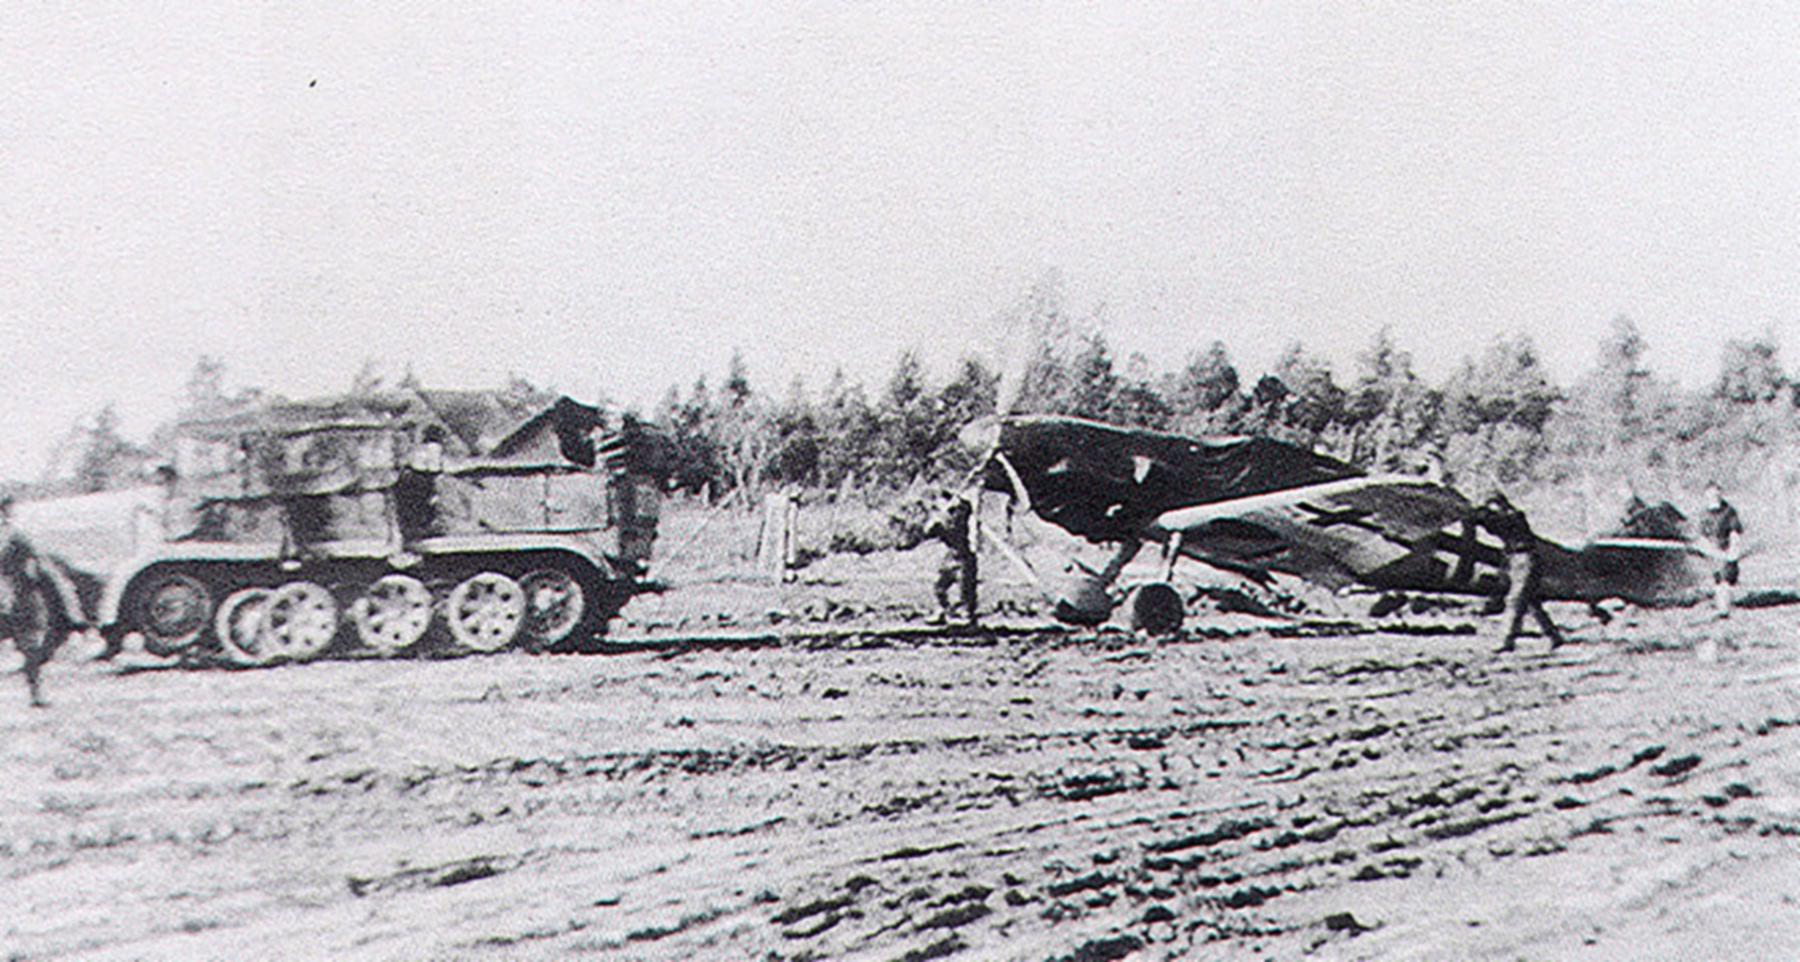 Messerschmitt Bf 109F JG54 being towed by a SdKfz 7 half track Russia 1941 01
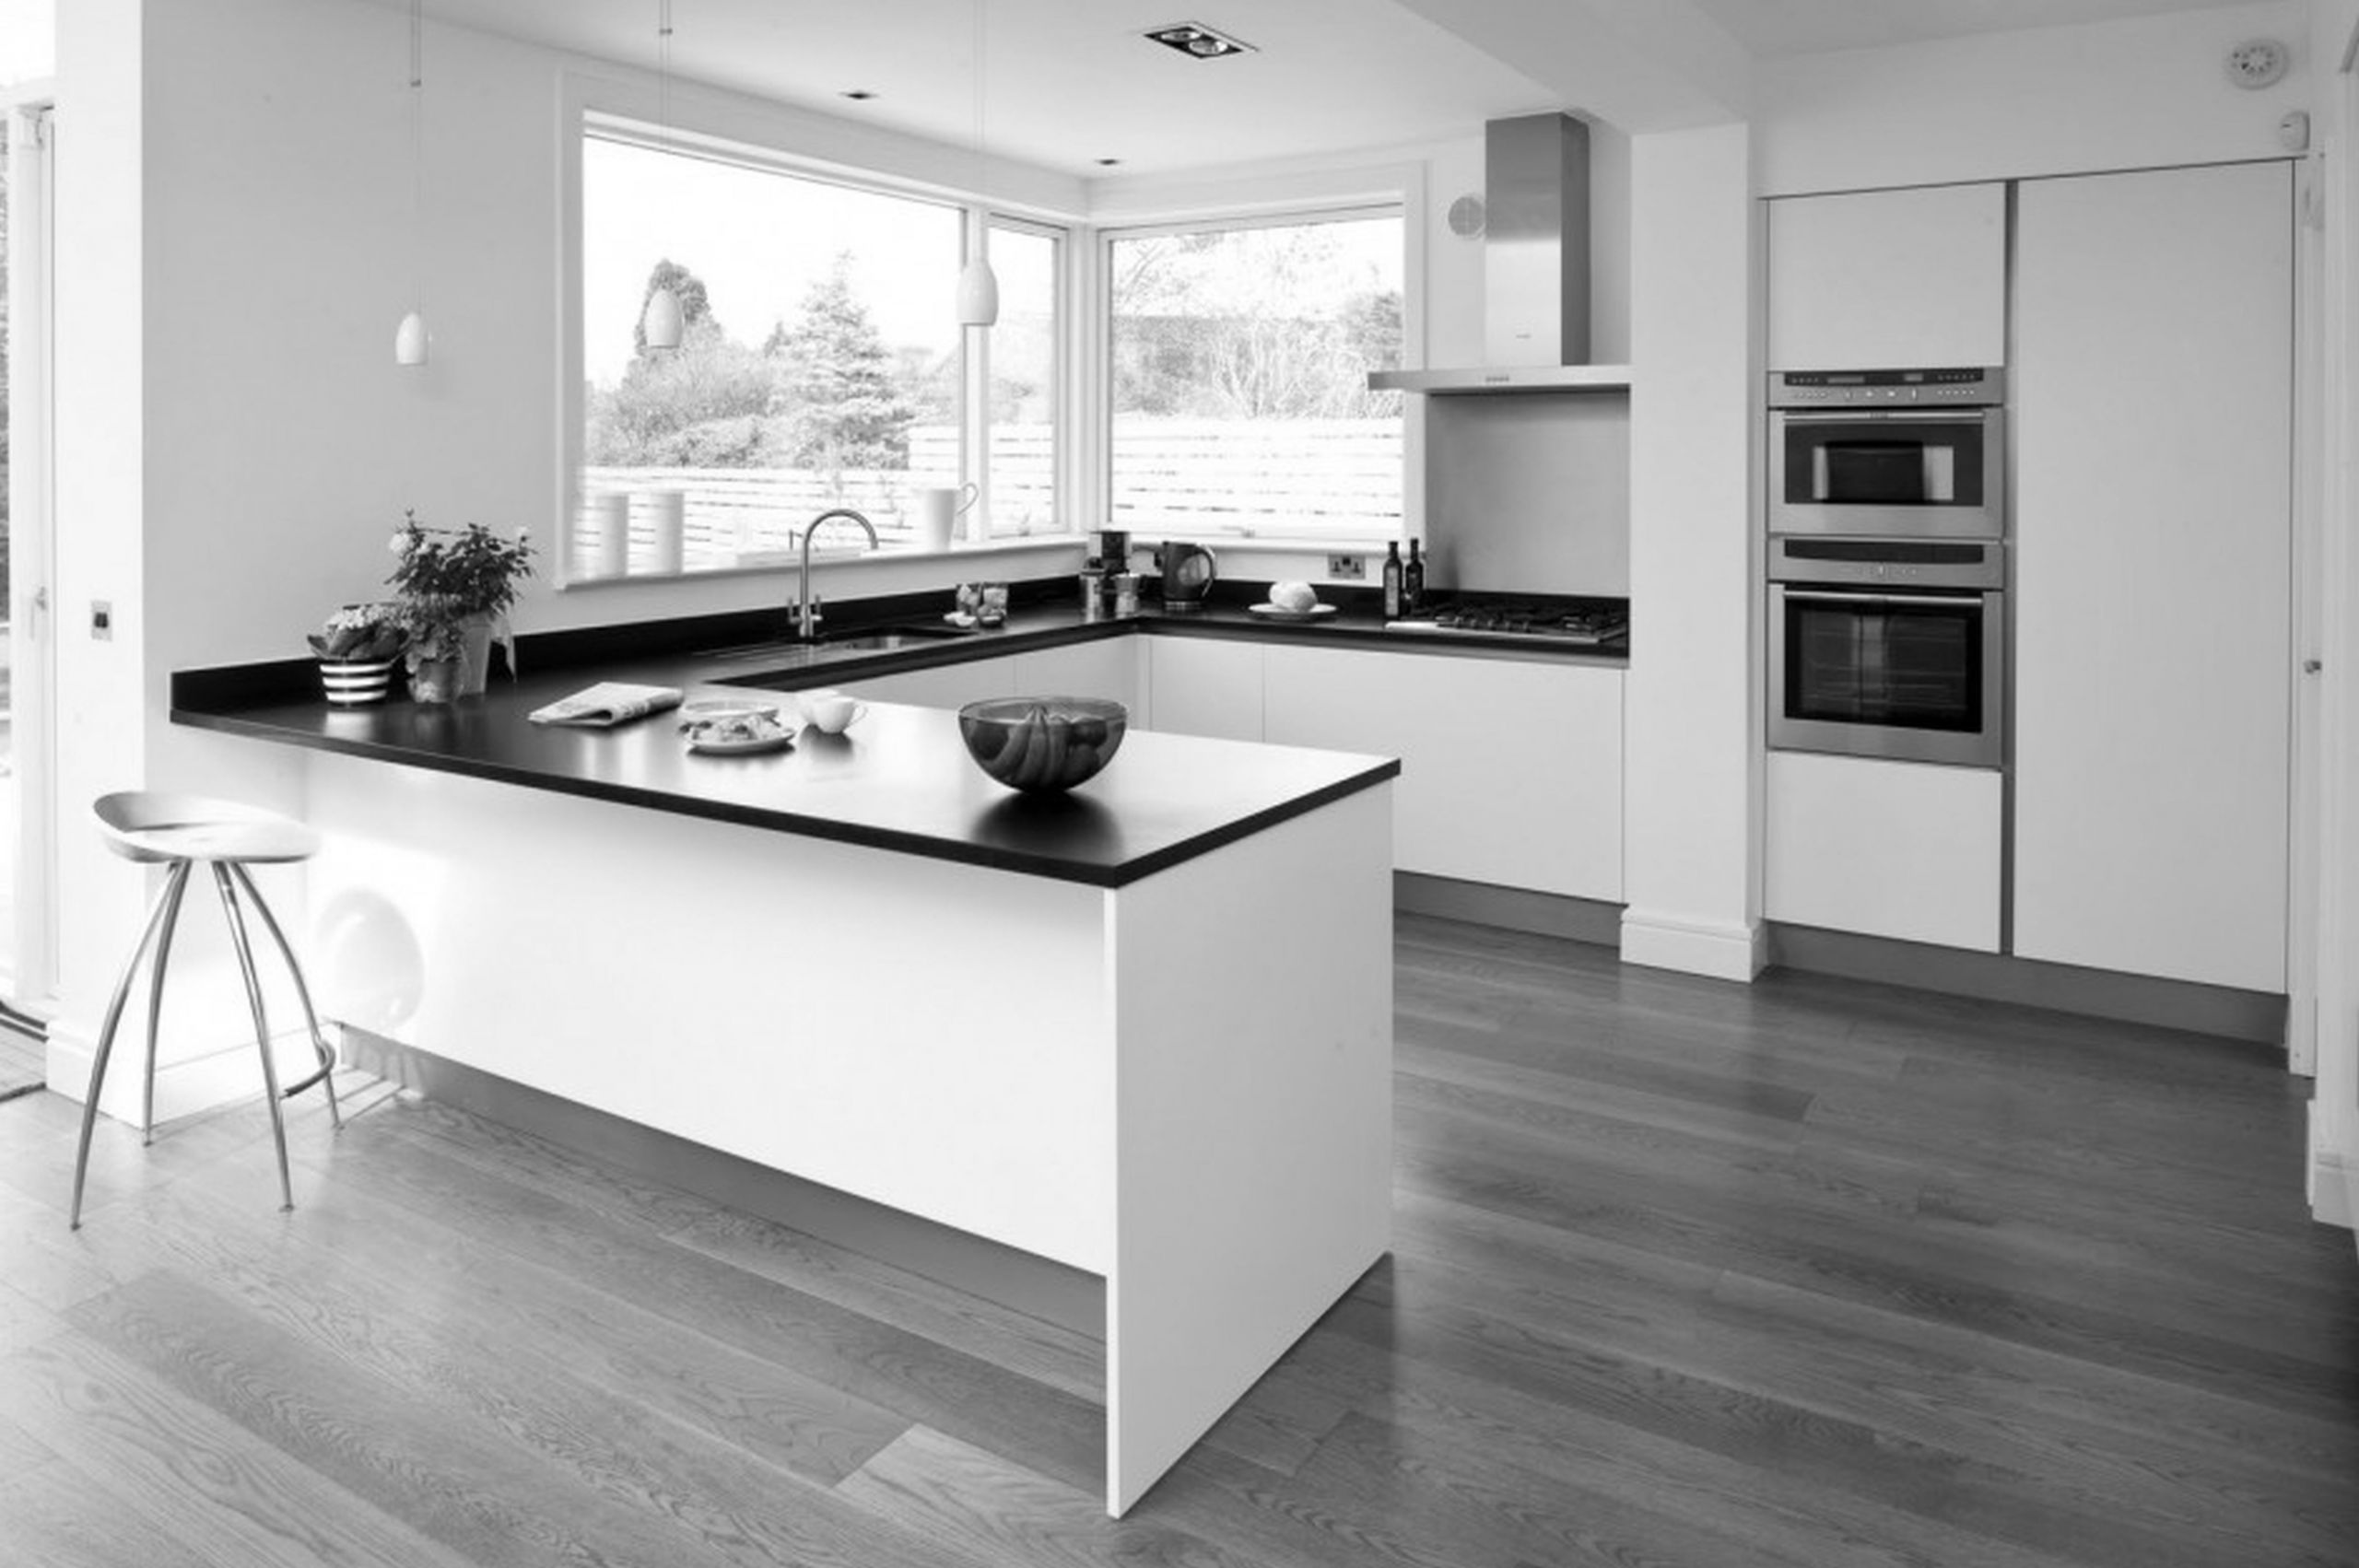 Kitchen Floor Plans With Islands  4 Insightful Kitchen Floor Ideas MidCityEast
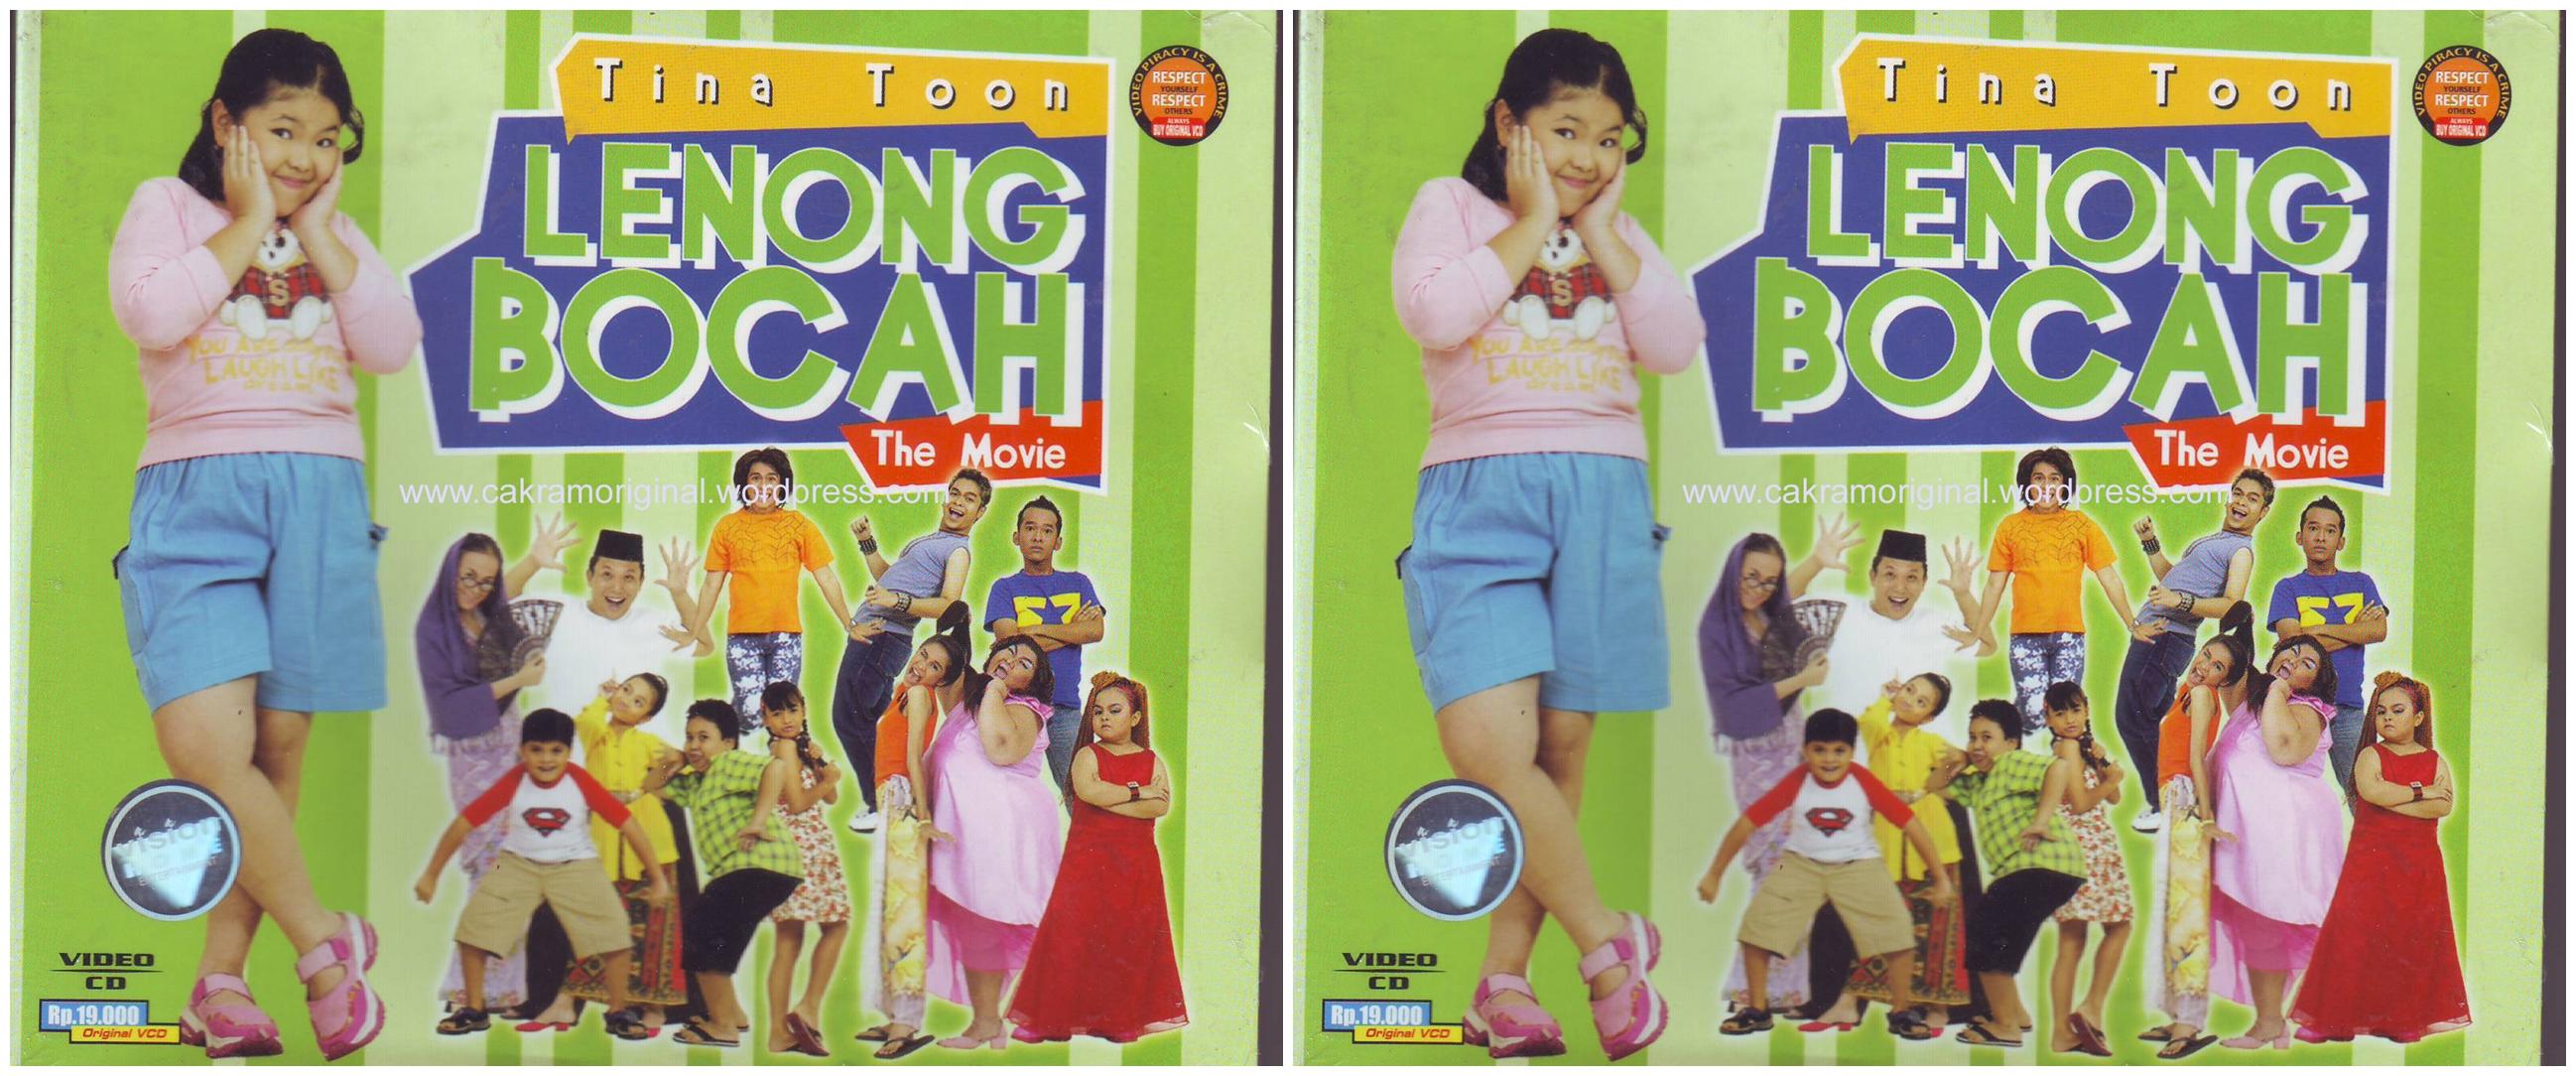 Kabar terbaru 5 pemain Tina Toon dan Lenong Bocah The Movie

YOUR ASSIGNMENT
Starting with the line that holds "Kitchen Floor Plans", retype each line through the last one in the listing above, exactly as written. Do not copy any pictures.

RESPONSE TO THIS EXERCISE
 Kitchen Floor Plans With Islands  4 Insightful Kitchen Floor Ideas MidCityEast
 Kabar terbaru 5 pemain Tina Toon dan Lenong Bocah The Movie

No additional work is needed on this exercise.